In both men and women, the ensemble approach yielded a higher accuracy (76% in men, 80% in women) and specificity (76% in men, 81% in women) compared with either Cox-only or GBT-only approaches (Table 3). The ensemble approach also yielded the highest PPV in men (26%). The GBT-only approach yielded the highest sensitivity (80% in men, 74% in women), and the Cox-only approach did not provide the best performance using any metric. Differences in performance were incremental for all metrics with overlapping 95% confidence intervals. The confusion matrices for each screening approach are reported for both sexes in the online supplement (Supplementary Table S6). Good agreement was observed between all models with κ values ranging from 0.85 to 0.96 (Supplementary Table S7).

Table 3.

Summary metrics from screening of high-risk individuals in test set using (i) a Cox-only approach, (ii) a GBT-only approach, and (iii) an ensemble approach in which a decision tree selects between Cox and GBT in cases of disagreement over an individual’s risk classification

Men
Women
Metric Cox-Only GBT-Only Ensemble Cox-Only GBT-Only Ensemble
[95% CI] [95% CI] [95% CI] [95% CI] [95% CI] [95% CI]
Sensitivity 76% 80% 76% 68% 74% 67%
[72%–80%] [76%–84%] [72%–80%] [64%–72%] [70%–78%] [64%–71%]
Specificity 75% 74% 76% 80% 78% 81%
[74%–77%] [73%–76%] [75%–78%] [79%–81%] [77%–79%] [80%–82%]
PPV 25% 25% 26% 24% 23% 24%
[23%–27%] [23%–28%] [23%–28%] [22%–26%] [21%–25%] [22%–26%]
NPV 97% 97% 97% 97% 97% 97%
[96%–97%] [96%–98%] [96%–97%] [96%–97%] [97%–98%] [96%–97%]
Accuracy 75% 75% 76% 79% 77% 80%
[74%–77%] [74%–76%] [75%–77%] [78%–80%] [76%–78%] [79%–81%]

DISCUSSION

In this study, involving almost a 100-fold larger population than the original Framingham Study,13 we developed novel risk scores for prediction of stroke in a contemporary Chinese cohort. Previous population-based prospective studies17–19 highlighted the need for novel risk scores for use in Chinese adults and proposed new Cox-derived models based on these populations. However, the models derived in the present study were based on a substantially larger (5-fold compared to the China-PAR study17) and more contemporary population.

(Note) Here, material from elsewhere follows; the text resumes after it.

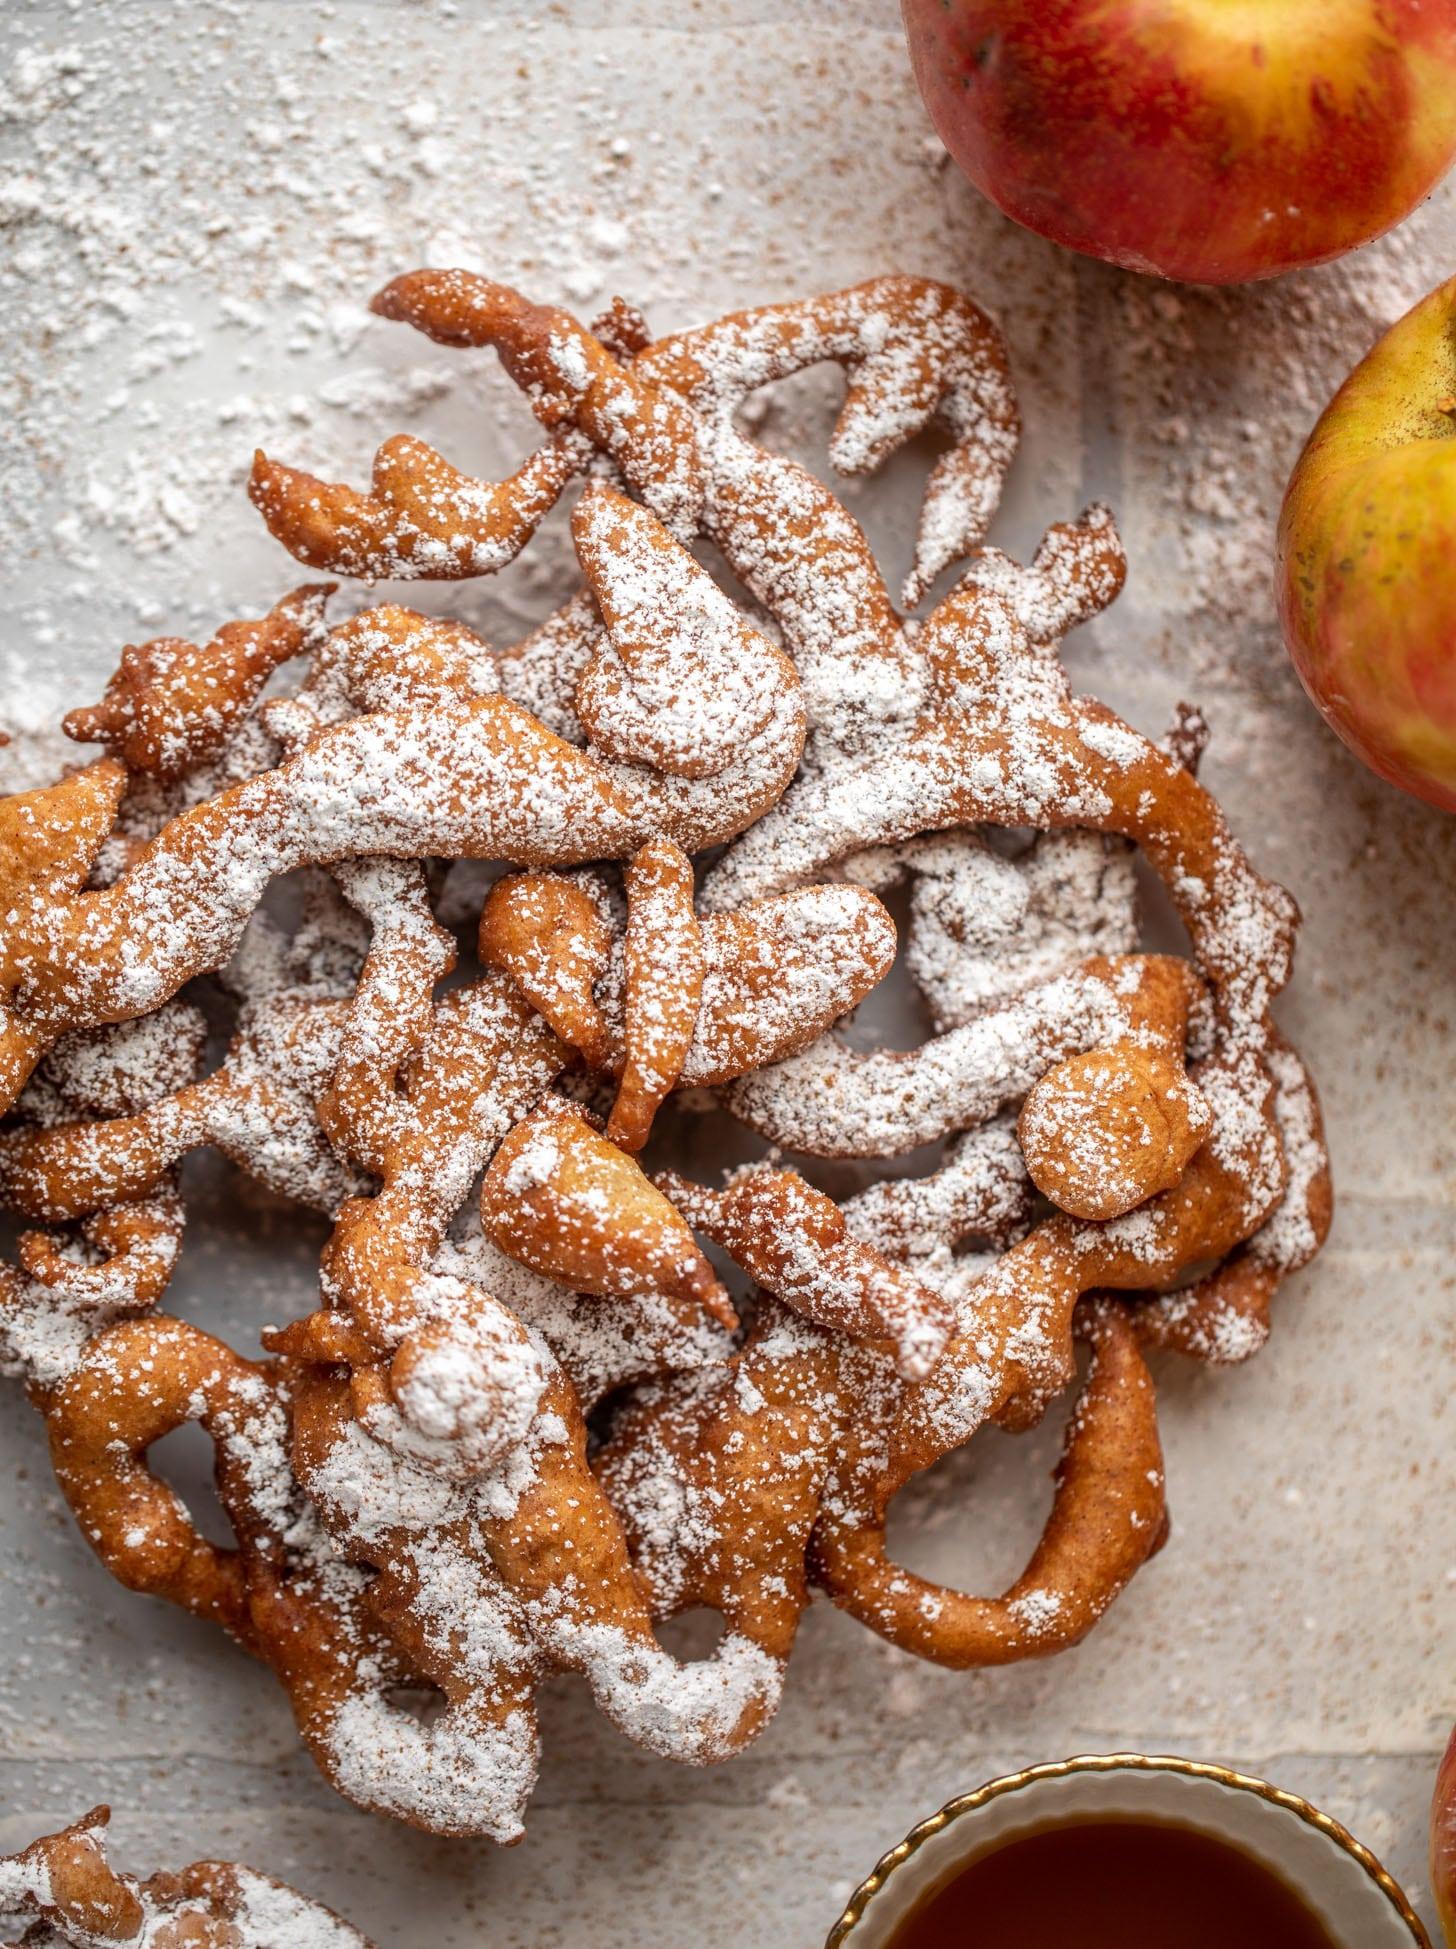 tortas de embudo de sidra de manzana

In contrast to previous studies of risk prediction of stroke in Chinese adults, we compared both conventional Cox model-based approaches and ML techniques for risk prediction to assess the potential of ML techniques for improved risk prediction. Consistent with findings for cardiovascular risk prediction,20 we demonstrated that ML techniques improved 9-yr risk prediction of stroke over Cox models, with GBT providing the best discrimination and calibration performance. Improvements over the Cox model were particularly evident for binary classification models that predicted stroke at narrower intervals of follow-up (0–3 years, 3–6 years, and 6–9 years from baseline). This may be due to the fact that survival models, such as Cox and RSF are optimized across the overall 9-year follow-up period, while binary classification models are able to be retrained for optimal performance in each particular time interval of interest. All models substantially outperformed the 2017 Framingham Stroke Risk Profile, which greatly underestimated stroke risk in CKB.

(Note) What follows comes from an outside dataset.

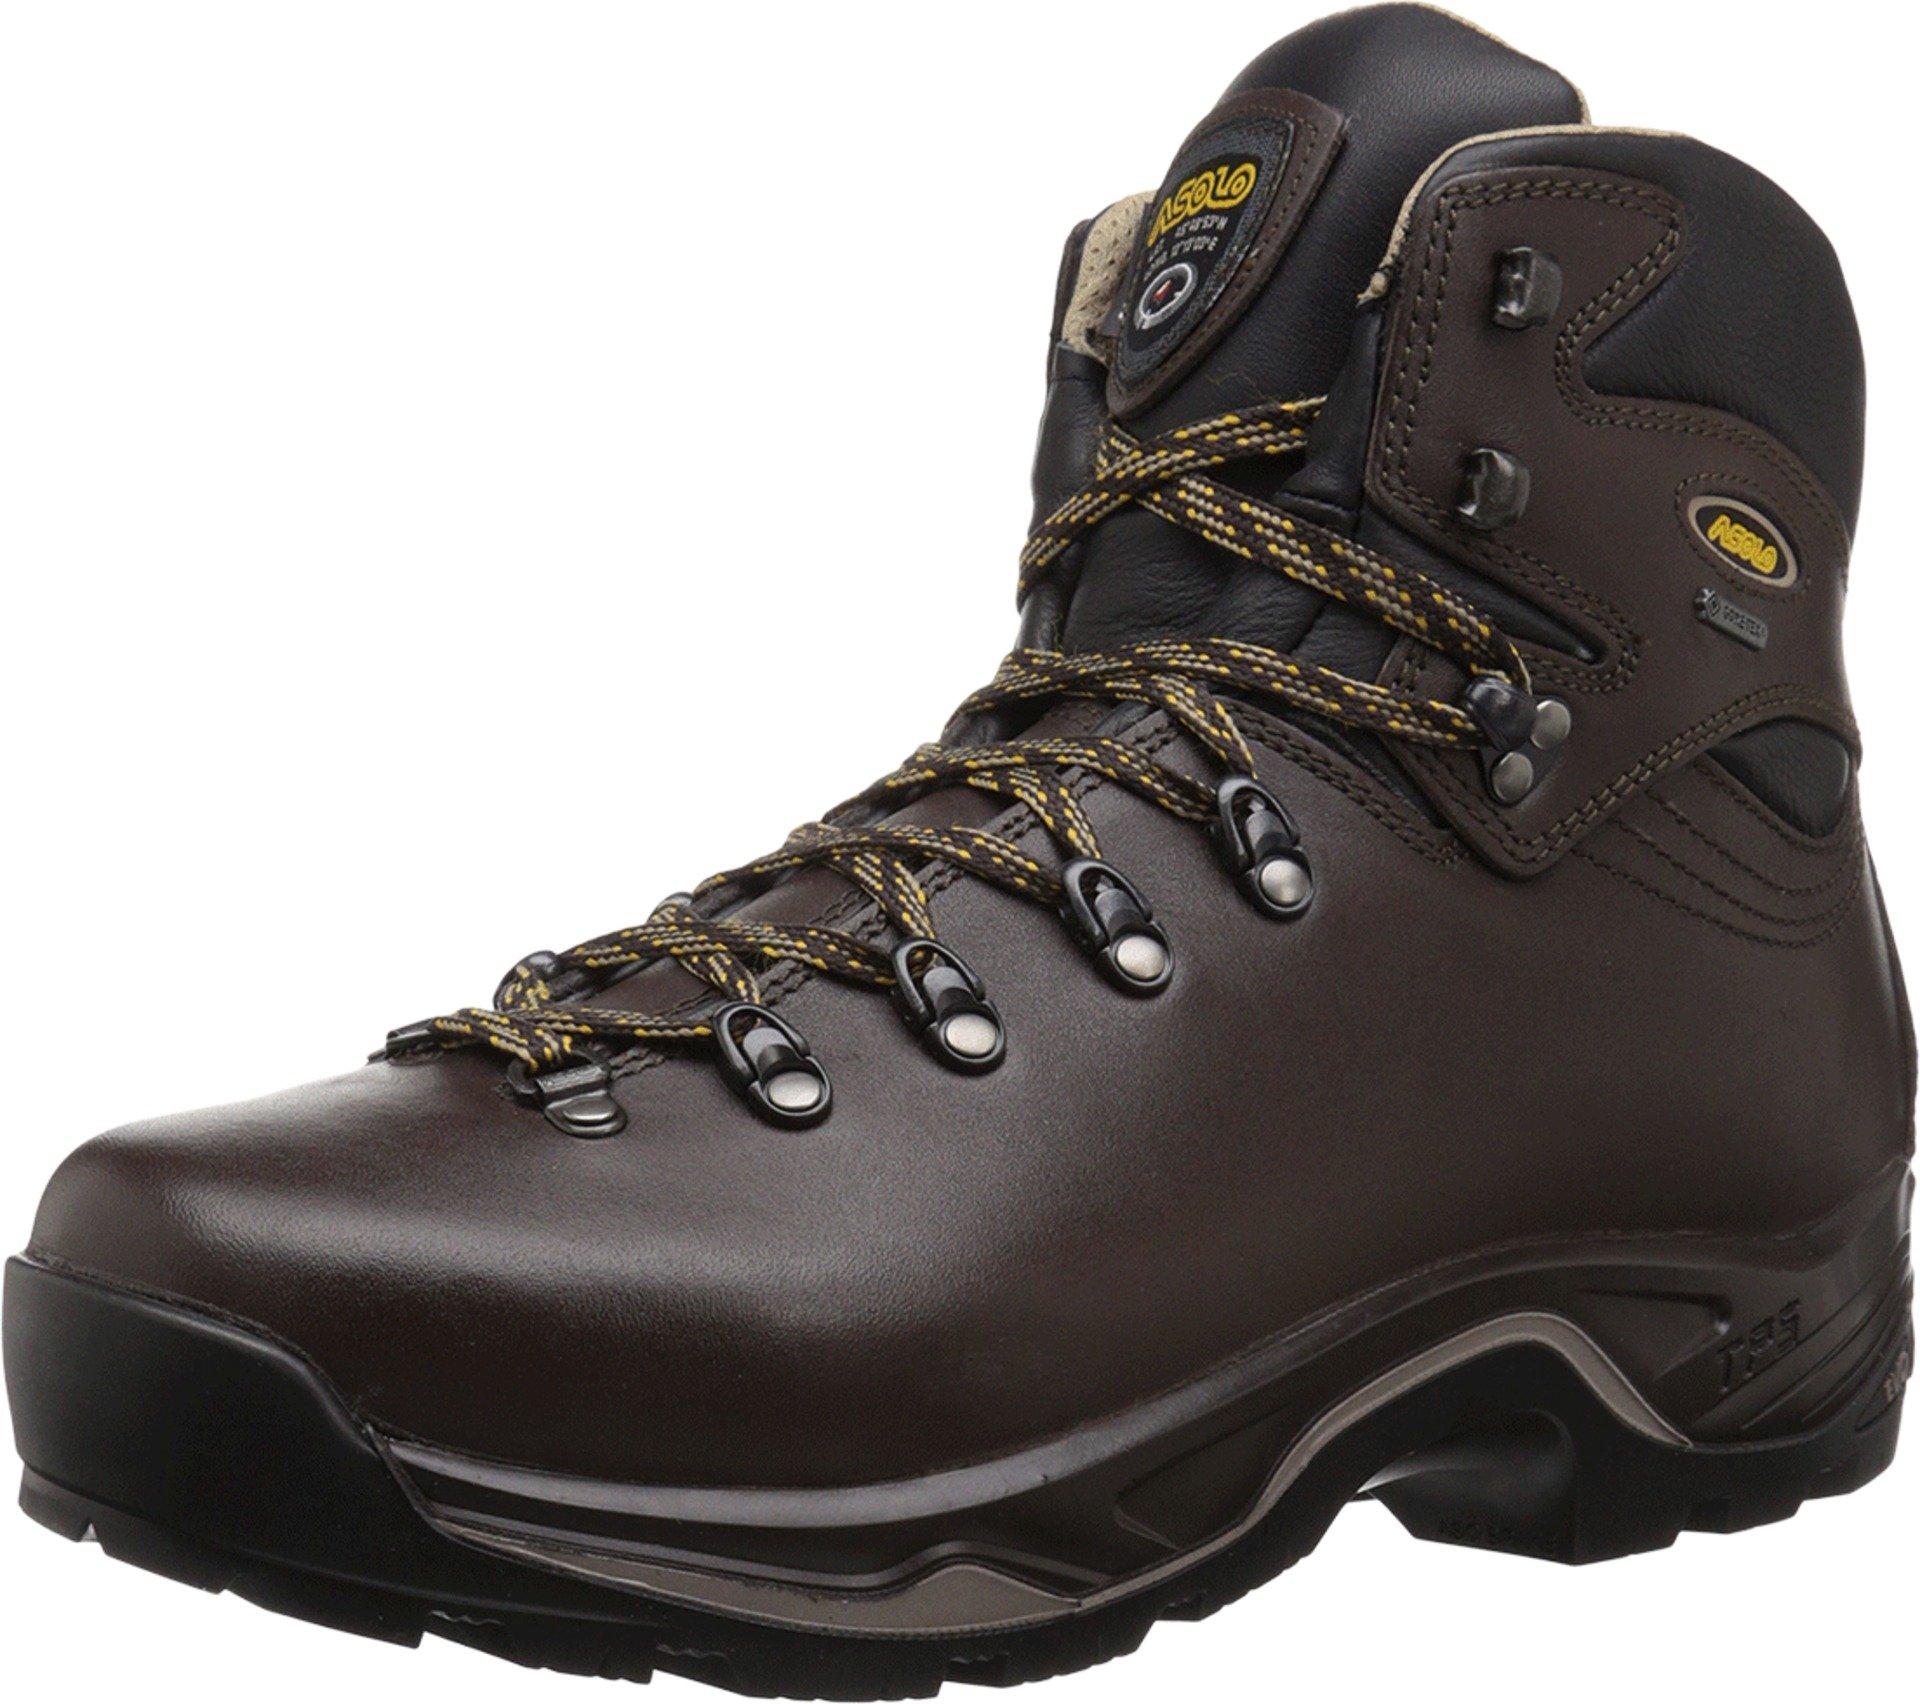 Asolo TPS 520 GV Boot - Men's Chestnut 7

While the discrimination improvements of ML over Cox models were marginal, such incremental improvements can translate to meaningful population health benefits. For example, a recent analysis of 100 000 UK adults reported that polygenic risk scores for CVD with improvements of just 0.012 in the C-index could help to prevent 7% more CVD events than conventional risk scores alone.39 Moreover, the substantial calibration improvements of ML approaches, such as GBT, over Cox models are highly relevant for clinical practice, in which decisions on initiation of drug treatment may be informed by defined risk thresholds. Contemporary clinical guidelines recommend using absolute risk predictions from Cox models to screen individuals at high risk of stroke, who are then prioritized for initiation of drug treatments. For example, the 2013 guidelines of the American College of Cardiology and the American Heart Association (ACC–AHA)40 recommend initiation of statin therapy for those with a ≥ 7.5% 10-year CVD risk as assessed by the Pooled Cohort Equations, while in the UK, the cutoff is ≥10% risk as assessed by QRISK3.41 In such settings, underestimation of stroke risk due to poor calibration of models could result in failure to identify high-risk individuals who would benefit from statins or other preventative drug treatments.

Using a threshold of ≥10% 9-year stroke risk, we found that an ensemble approach that combined Cox and GBT models had a higher accuracy, specificity, and PPV for stroke prediction than either the Cox-only or GBT-only approaches. However, such improvements were marginal and warrant assessment for reproducibility in external validation studies. We have provided statistical code in the online Supplementary Material to enable others to replicate these findings in other populations.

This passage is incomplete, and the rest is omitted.